-- Information supplied --

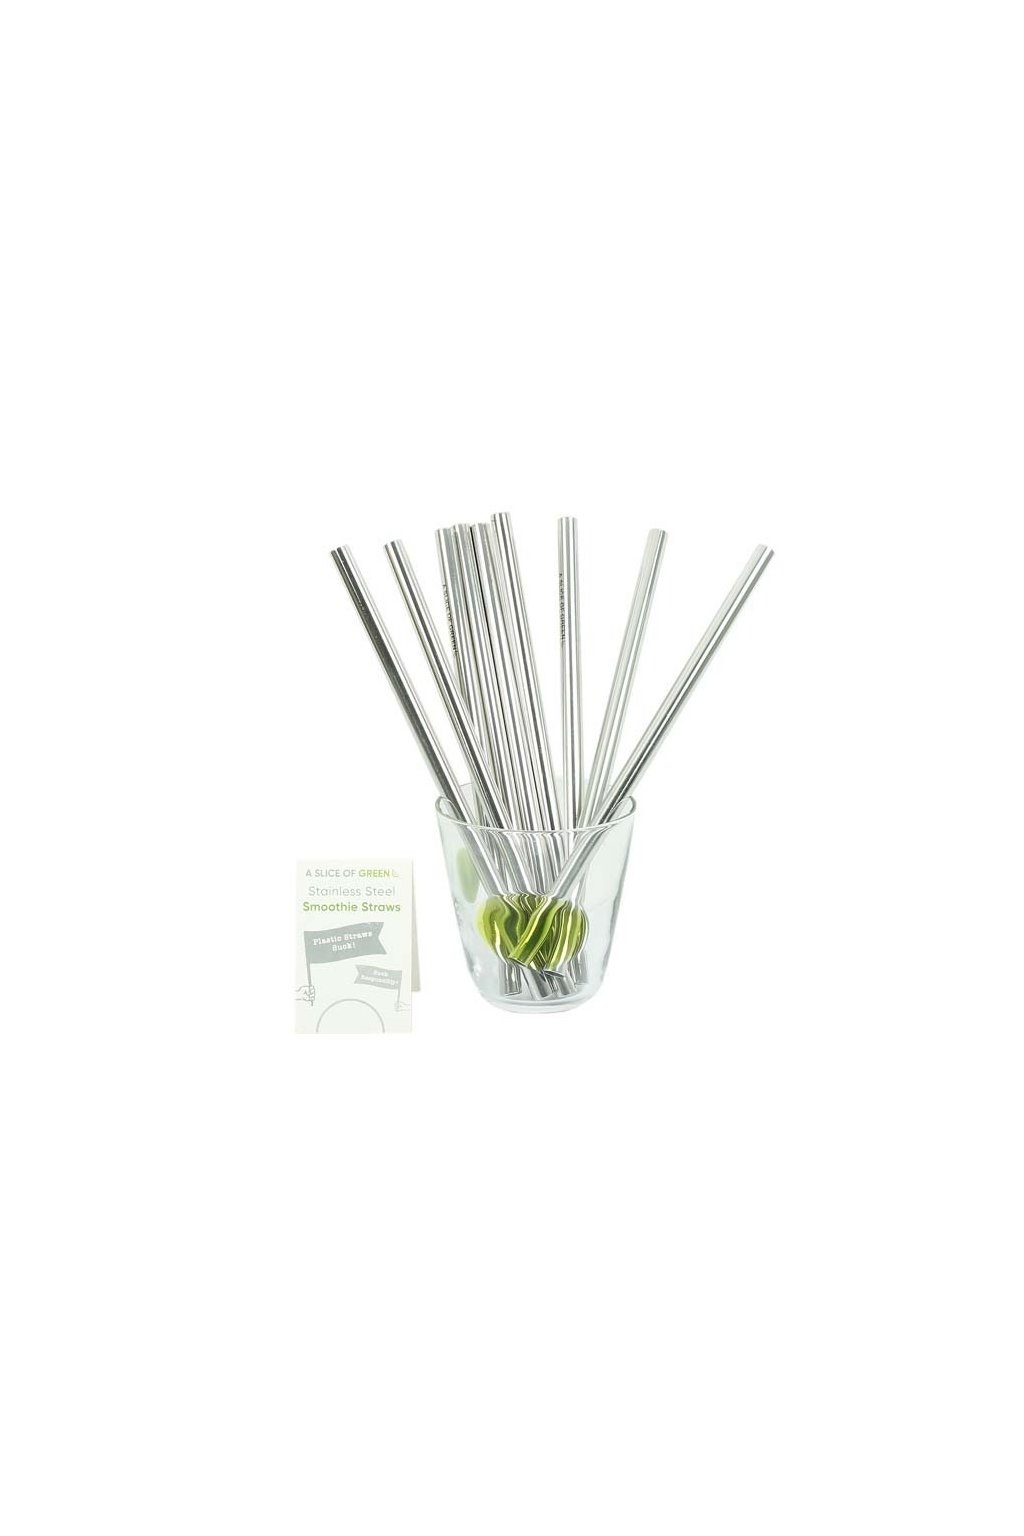 stainless steel smoothie straws bulk1
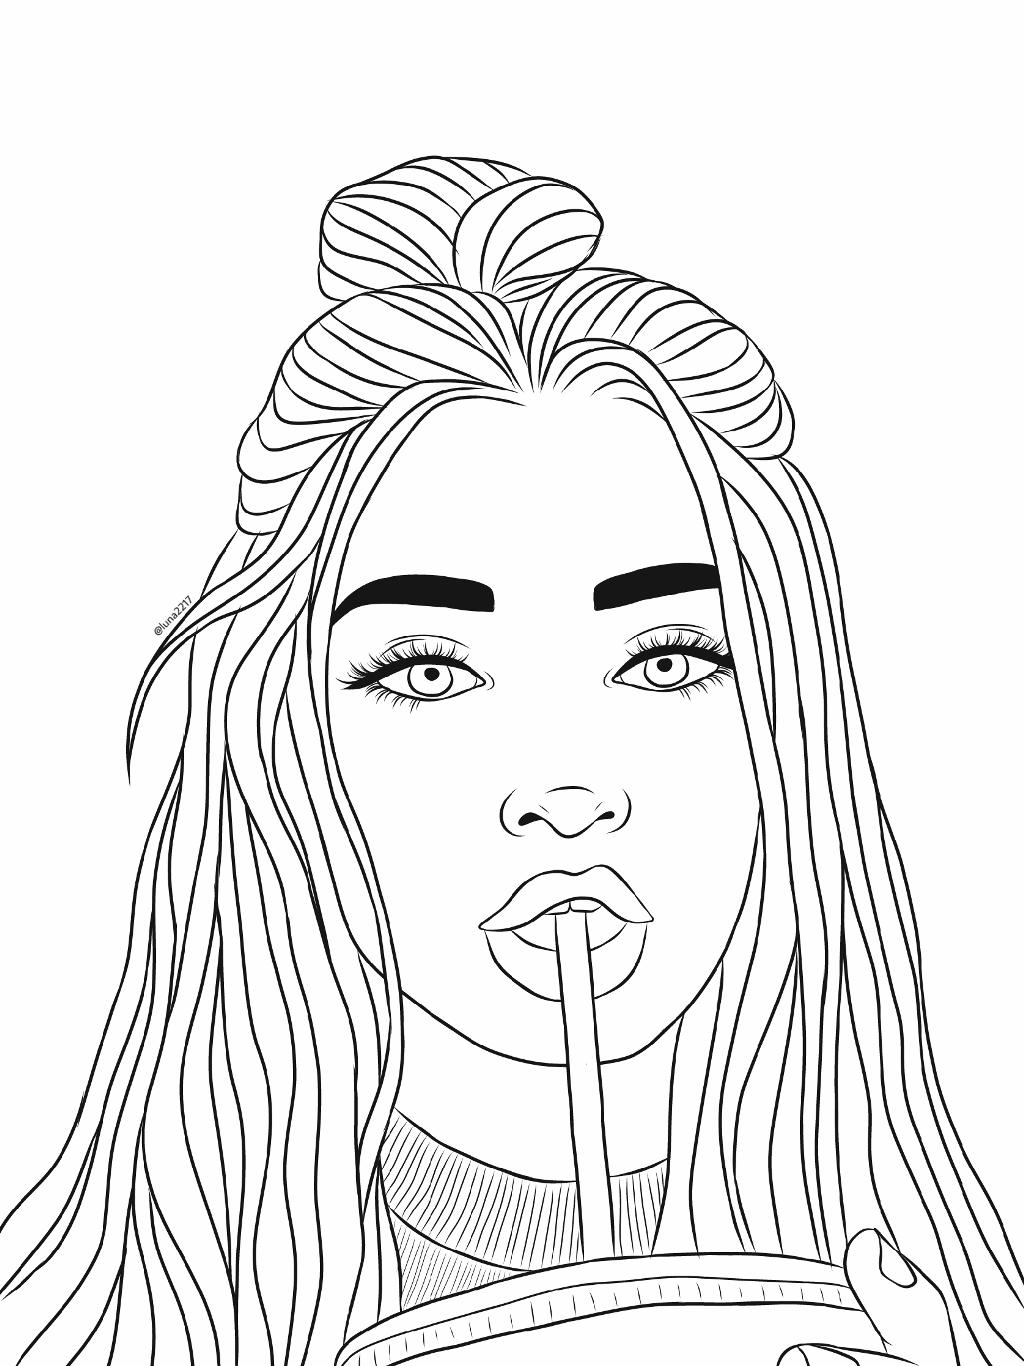 #girl-drawing on Tumblr
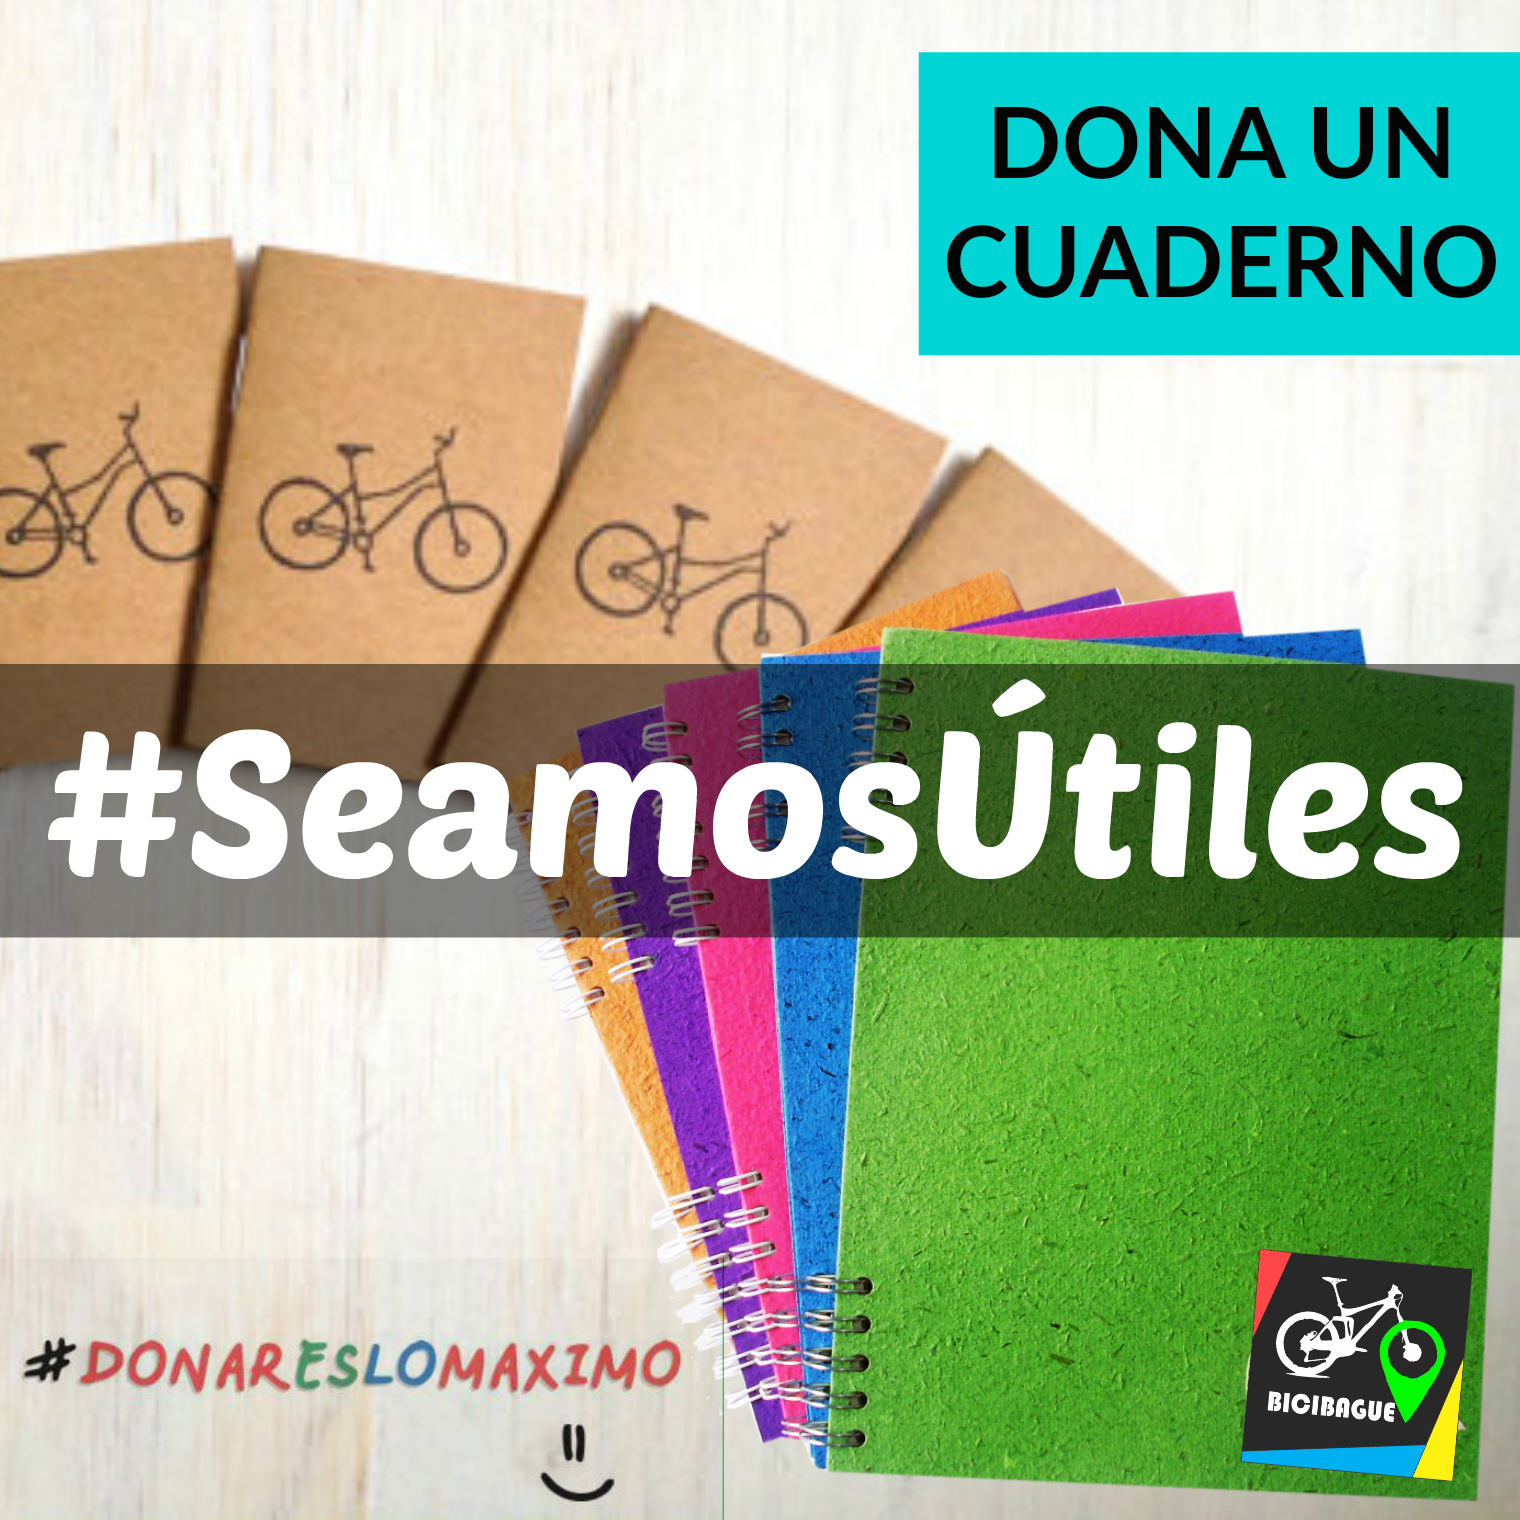 Seamos_utiles

-- Task prompt --
All of the lines above must be printed again exactly, and no picture may appear in the copy.

-- Response to this task --
 stainless steel smoothie straws bulk1
 #girl-drawing on Tumblr
 Seamos_utiles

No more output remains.